Monday, November 6, 2023 – 5:30 PM
Professor of Mechanical Engineering and
Abstract
The field of nanophotonics is based on the ability to confine light to sub-diffractional dimensions. In the infrared, this requires compression of the wavelength to length scales well below that of the free-space values. While traditional dielectric materials do not exhibit indices of refraction high enough in non-dispersive media to realize such compression, the implementation of polaritons, quasi-particles comprised of oscillating charges and photons, enable such opportunities. Two predominant forms of polaritons, the plasmon and phonon polariton, which are derived from light coupled with free carriers or polar optic phonons, respectively, are broadly applied in the mid- to long-wave infrared. However, the short scattering lifetimes of free-carriers results in high losses and broad linewidths for the former, while the fast dispersion and narrow band of operation for the latter result in significant limitations for both forms. Through strong coupling strategies once can overcome some of these limitations by imparting benefits of both, as well as realizing emergent properties not existent in either individual material. Within anisotropic materials, these optical modes can be induced to propagate with different wavevectors along different axes, or even be restricted to propagate only along a single direction.

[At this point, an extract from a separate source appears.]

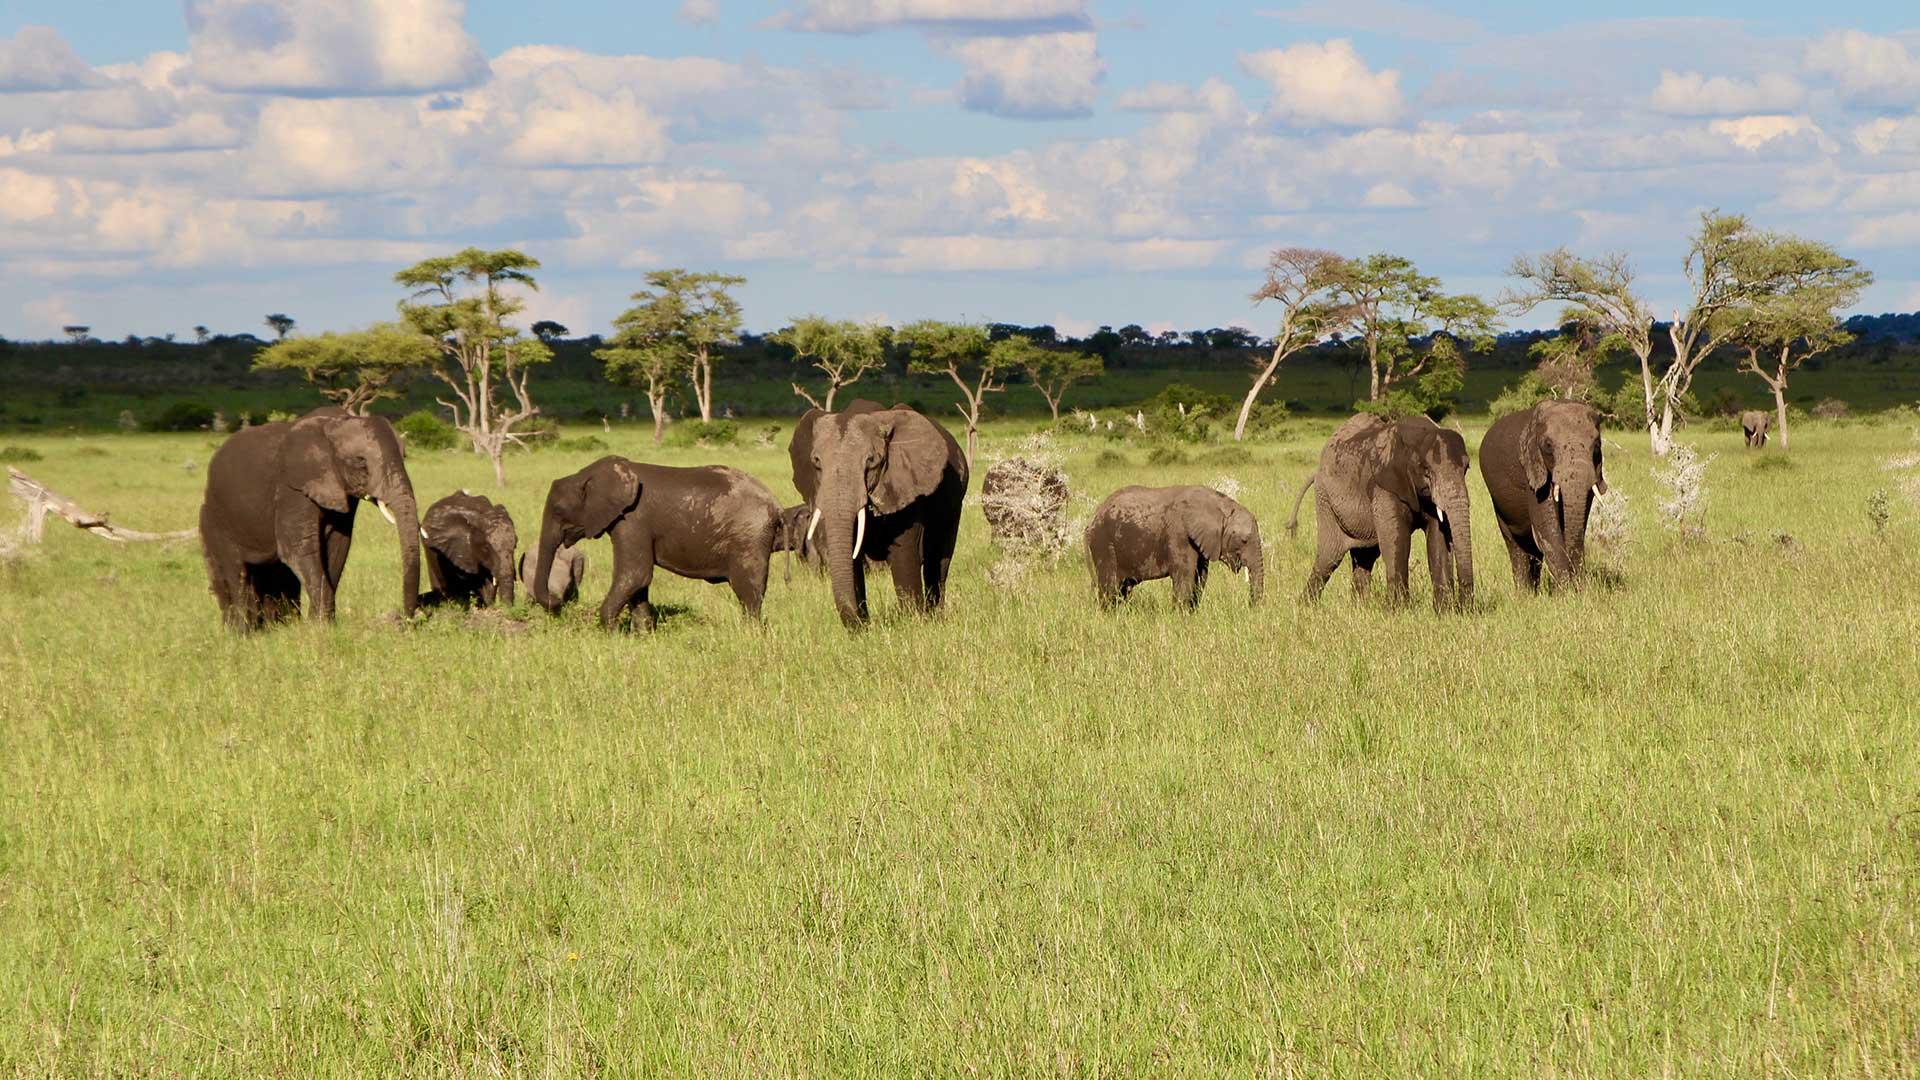 Singita elephants, Tanzania.

Here, we discuss the influence of strong coupling and crystalline anisotropy in dictating the polaritonic dispersion, including recent observations from our group highlighting highly directional so-called hyperbolic shear polaritons in low-symmetry monoclinic and triclinic crystals, strong-coupling between optical modes for infrared emitters and laser concepts, as well as the ability to control the wavelength and propagation direction of these modes using free-carrier injection and twist-optic concepts. Further, we highlight how phonon polaritons can be employed as ultrafast and efficient carriers of thermal energy, providing alternative dissipation pathways for heat.
Biography
Joshua Caldwell is a Professor of Mechanical Engineering and Director of the Interdisciplinary Materials Science Graduate Program at Vanderbilt University. He was awarded his Bachelor of Chemistry from Virginia Tech in 2000 and a Ph.D. in Physical Chemistry in 2004 from the University of Florida. He accepted a postdoctoral fellowship at the Naval Research Laboratory in 2005, using optical spectroscopy as a means of understanding defects within wide-band gap semiconductors, and then transitioned to permanent staff in 2007, where he began work in the field of nanophotonics, investigating coupling phenomena within plasmonic materials. He merged his work in wide band gap semiconductors and nanophotonics, leading to his efforts exploiting polar dielectric crystals for low-loss, sub-diffractional infrared optics. He was awarded a sabbatical at the University of Manchester with Prof. Kostya Novoselov in 2013-2014, investigating the use of van der Waals crystals such as hexagonal boron nitride for mid-IR to THz nanophotonics, where he demonstrated the natural hyperbolic response of this material. In 2017 he accepted a tenured Associate Professorship at Vanderbilt University within the Mechanical Engineering Department, was named Director of the IMS program in 2021 and promoted to Full Professor in 2022. He is a Fellow of the Materials Research Society, a 3-time recipient of the NRL Nanoscience Institute Grants, a 4-time recipient of the NRL Alan Berman Best Pure Science Paper Award, the 2014 Thomas Edison Best Patent Award, the Vanderbilt Chancellor’s Award for Research (2022). He is a recipient of a FY23 MURI Award exploring twist-optics and has published over 180 papers receiving >11,000 citations, 11 patents, and is co-founder and CEO of Sensorium Technological Laboratories.